How To Master Your Async Queues

Event-driven architecture is the new black! This is the trend everyone is currently following in the industry. It’s full of advantages and there are a lot of articles explaining why you need to stop using APIs now.

Sometimes you need to move things around. Breaking a service into microservices. Renaming some parts of your code to match a rebranding in your business. Redesigning your architecture to be compliant to a new regulation… Using asynchronous communication in this case can be challenging.

Of course you can always use downtime to deploy a new version of your services, but this is far from being agile. True mastery comes when you’re able to manipulate any part of your backend. With no downtime, with no data loss, with no negative impact on your customers.

Let me teach you a set of techniques based on my experience in this area. Manipulating your code base doesn’t need to mean losing your sanity.


At Augury, we’re using NSQ queue service for our asynchronous communication — it’s a simple, yet very effective queue service.
Through this article we’re going to use NSQ implementation as an example for the techniques — yet the techniques are compatible with any queue service. Let’s dive into the basic principles of NSQ…

NSQ works with topics and channels. Topics receive messages, replicating them to all the related channels. NSQ makes sure that at least one consumer for each channel will receive the message. A channel relates to a single topic, you can use the same channel name for different topics if needed. Other queue services use similar implementations with different names. The result looks like this:

While good documentation can help understand your architecture, naming matters. We want topic names to reflect the kind of data the message holds — channel names to describe the action performed on the data. That way, looking at the topic/channel names allows us to understand what is going on.

With the basic implementation in mind, you are ready to learn your first technique.

First technique: using idempotency

If you are not familiar with idempotency, this is the coolest attribute your code could have. An idempotent piece of code will always produce the same outcome given a fixed input. It will not re-execute what has been successful the first time.

If your consumers are idempotent, you can manipulate them with ease — you don’t need to be concerned by duplicate messages. It comes in handy when, for example, you want to rename a topic. We’ll use this simple architecture as an example.

1.The producer starts sending the messages in two topics, the new and the old one

2.Migrate your consumers to consume from both topics

3.Stop producing into the old topic

4.Stop consuming from the old channel

5.Delete the old topics/channels in NSQ

In this case, for a period of time the consumers have received the messages twice. The fact that they were idempotent makes it irrelevant.

As software developers, we should strive to design idempotent code whenever possible. For non-idempotent code, there are other working techniques.

Second technique: conquering a channel

Let’s go back to our example, this time the accounting service is not idempotent and also part of a monolith. Extracting your accounting code from the monolith is possible, but you need to conquer the channel.

For the conquest to work, you need to be able to run both the monolith and the new microservice at the same time. Meaning (most of the time) they need to use the same DB during the transition phase. In microservices architecture, we want each service to have its own DB. This is an exception, so for a limited amount of time two services will use the same DB.

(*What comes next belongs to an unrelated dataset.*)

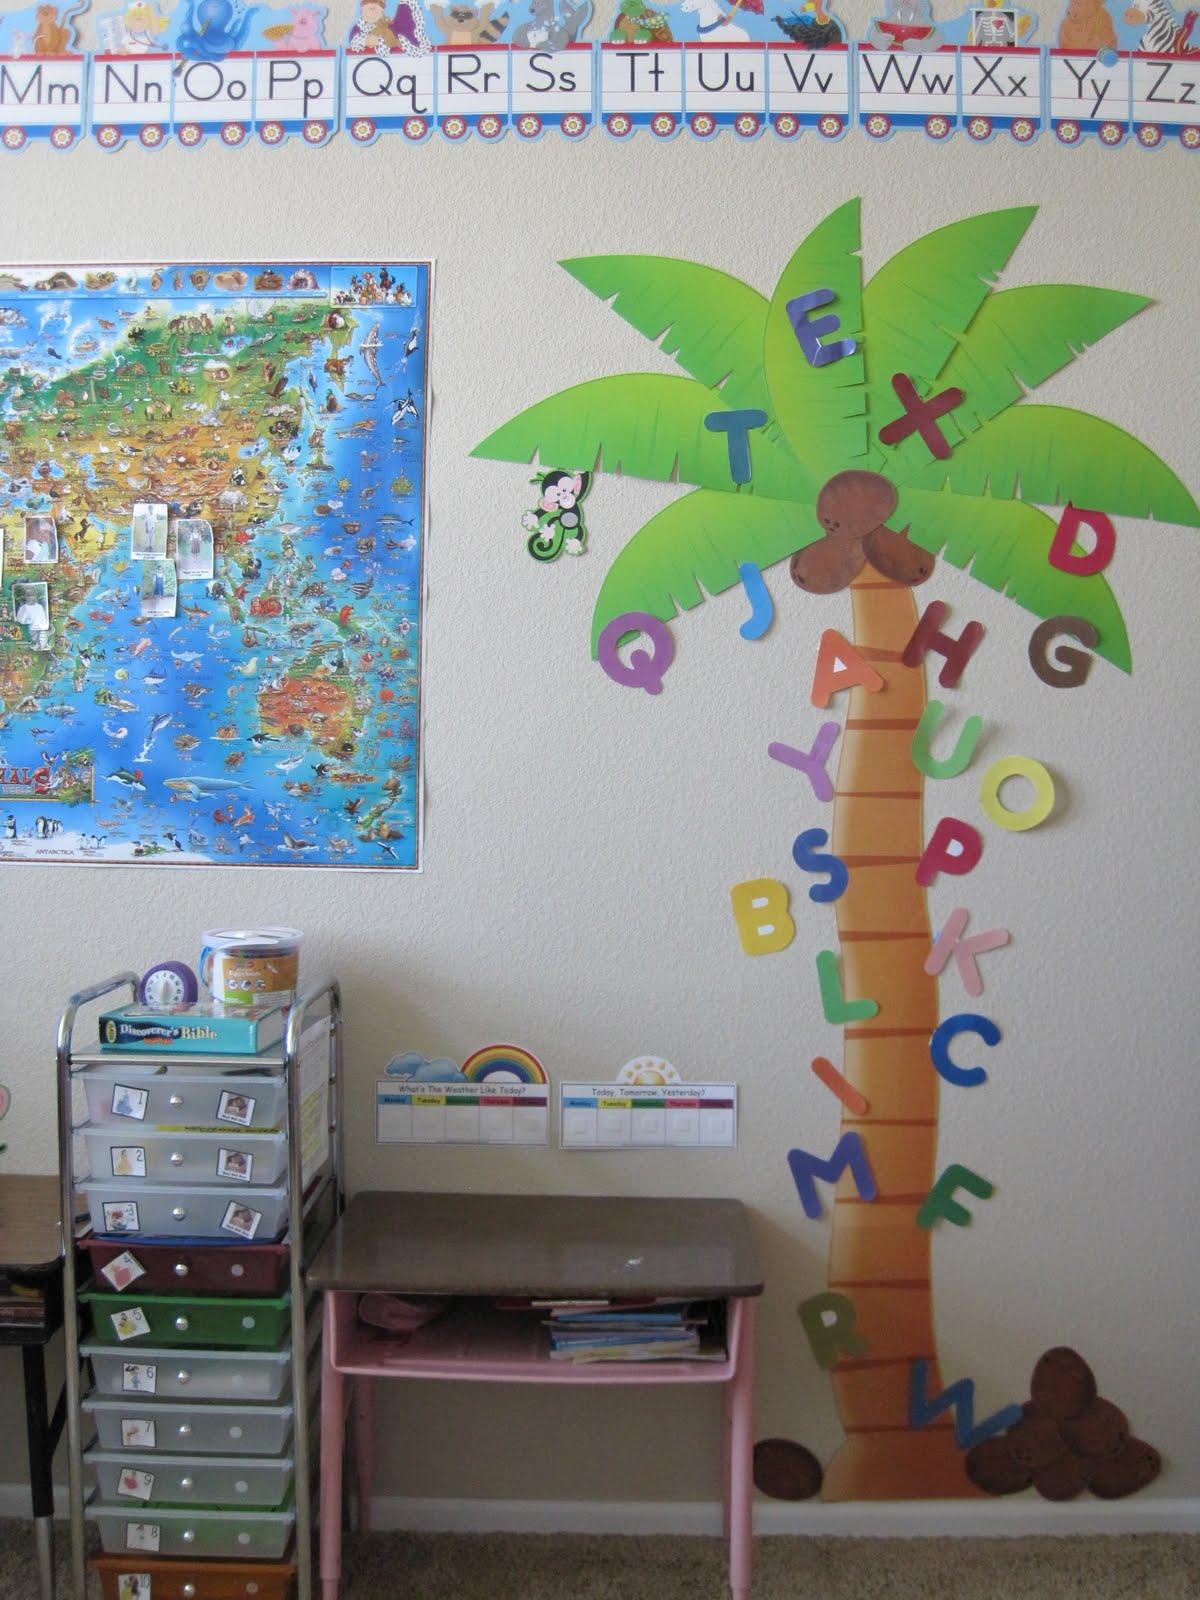 math worksheet : chicka chicka boom boom  confessions of a homeschooler : Chicka Chicka Boom Boom Worksheets For Kindergarten

To conquer the channel, configure the microservices to use the same channel. NSQ will only send each message to only one of the services. But since they run the same business logic, using the same DB, it is not an issue.

Once the microservice is up and running. You can deploy a new version of the monolith without consuming these events. That’s it, your microservice has conquered the channel.

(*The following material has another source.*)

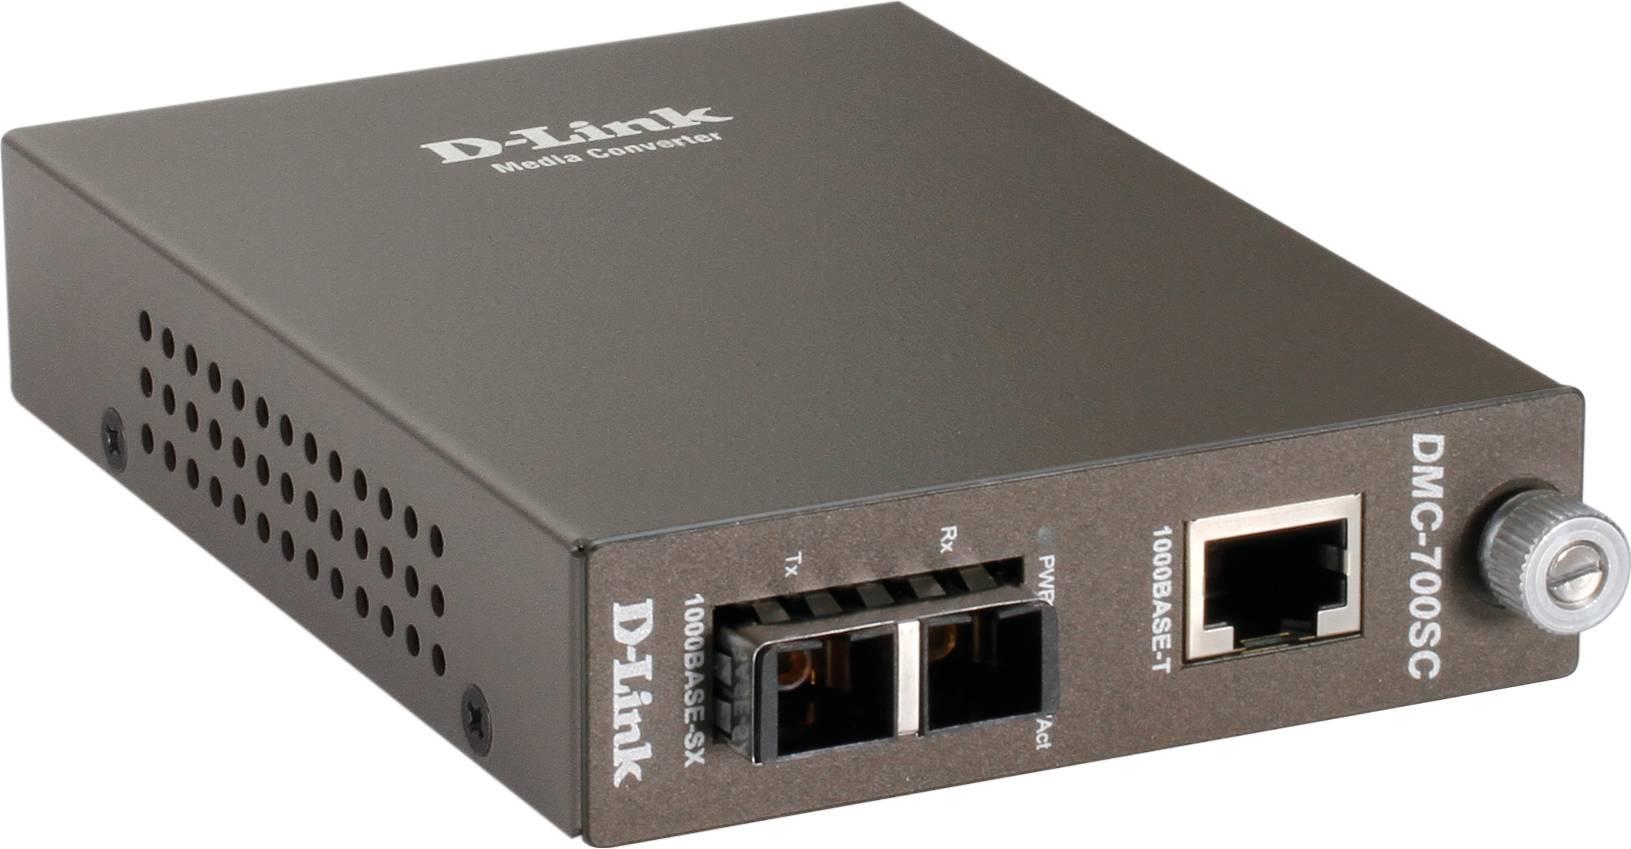 D-Link Medieomvandlare 1000Base-SX, 1000Base-T thumbnail

Third technique: getting ready upfront

This is the most important technique, as it will work for almost all scenarios, but it’s also the most complicated and longest one. Let’s take a look at this architecture.

A reporting service generating reports. Once report generation is over, it produces a message that is replicated to many consumers, which start to process it.

Once the business starts to scale up, we’re adding many types of reports. The consumers start to have a different logic, depending on the report type. Some of the report types are not relevant to all the consumers. Services are consuming events that are not related to them. You need to refactor the architecture to something like this:

Achieving this state is not easy, as we still want to avoid downtime, data loss and negative impact. We need to make sure every consumer is ready to receive messages. We’re going to use a simple architecture to illustrate…

1.Create the new NSQ topics/channels

2.Configure all the consumers (not the producers) to the new topic/channel configuration. Executing the same code as the one with the current configuration, without stopping to use it

3.Deploy a new version of the service, only producing the messages in the new topic

4.Remove the old configuration from the consumers

5.Clean the old topics/channels in NSQ

While this looks like the steps we have used in the idempotent technique, there is a major difference. We need to have everything ready before changing the producers. The first technique allows you to stay in the transition phase for as much time as you need. With this one, it’s all or nothing. We’re producing each message in one topic or another.

Last technique: the ugly one / the timestamp-based one

Sometimes you don’t have a choice, you need to use the technique that no one wants to use. When you want to migrate part of a topic’s channels, without modifying the existing ones. Most of the time, you use the ugly technique when the topic will stay the same while you change the channels. No matter how much you want to avoid this technique, if your consumers are not idempotent you will need to use it.

The ugly one’s secret is having two configurations at the same time. Creating duplicate messages, but filtering them based on an arbitrary time. Let’s say you want to rename a channel to reflect a change in your organisation. Taking our favorite architecture as an example.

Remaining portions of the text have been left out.